Data aggregation is also a very important aspect of data transformation during the ETL process. In this task, you will learn to apply aggregation and statistical methods on the data.
-
On the AWS Glue console, open jupyter notebook if not already open. On jupyter notebook, click on New dropdown menu and select Sparkmagic (PySpark) option. It will open notebook file in a new window. Rename the notebook to aggregate.
-
Copy and paste the following PySpark snippet (in the black box) to the notebook cell and click Run. It will create Glue Context. It takes some time to start SparkSession and get Glue Context. Wait for the confirmation message saying SparkSession available as ‘spark’..
import sys
from awsglue.transforms import *
from awsglue.utils import getResolvedOptions
from pyspark.context import SparkContext
from awsglue.context import GlueContext
from awsglue.job import Job
glueContext = GlueContext(SparkContext.getOrCreate())
- Run the following PySpark code snippet which loads data in the Dynamicframe from the sales table in the dojodatabase database. It also converts the Dynamicframe to Dataframe and uses show method to display the top 20 rows.
salesDF = glueContext.create_dynamic_frame.from_catalog(
database="dojodatabase",
table_name="sales")
salesDF = salesDF.toDF();
salesDF.show()
- You can view two columns in perspective using crosstab method. The method is generally used with categorical columns or features. Run the following PySpark code snippet to view the relationship between productline and dealsize columns.
salesDF.crosstab('productline', 'dealsize').show()
- You can use describe method to see statistics of a particular column. The method is generally used with numeric columns or features.
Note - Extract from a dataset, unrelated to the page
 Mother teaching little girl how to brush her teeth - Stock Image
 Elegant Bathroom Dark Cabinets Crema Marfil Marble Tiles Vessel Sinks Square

Run the following PySpark code snippet to check statistics of the sales column.
salesDF.describe('sales').show()
- You can also use groupby method with a particular column along with individual aggregation function. Run the following PySpark code snippet to see count per productline.
salesDF.groupby('productline').count().show()
- Run the following PySpark code snippet one by one to see min,max,mean and sum of quantityordered per productline.
salesDF.select("productline","quantityordered").groupby('productline').min().show()
salesDF.select("productline","quantityordered").groupby('productline').max().show()
salesDF.select("productline","quantityordered").groupby('productline').mean().show()
salesDF.select("productline","quantityordered").groupby('productline').sum().show()
- You can also use multiple aggregation in one using groupby and agg functions. Run the following PySpark code snippet to view average quantityordered, sum of sales and maximum priceeach per productline.
salesDF.groupby('productline').agg({'quantityordered': 'mean','sales': 'sum','priceeach' : 'max'}).show()
- You can use orderBy method to sort Dataframe for a particular column in ascending or descending order. Run the following PySpark code snippet one by one to sort the Dataframe by sales first ascending or descending.
salesDF.orderBy(salesDF.sales).show()
salesDF.orderBy(salesDF.sales.desc()).show()
- You worked with single data in the workshop till this point. In the Next task, you learn about working with more than one data together. Click on the Close and Halt option under Files menu to close the notebook. Confirm if it asks to Leave Page.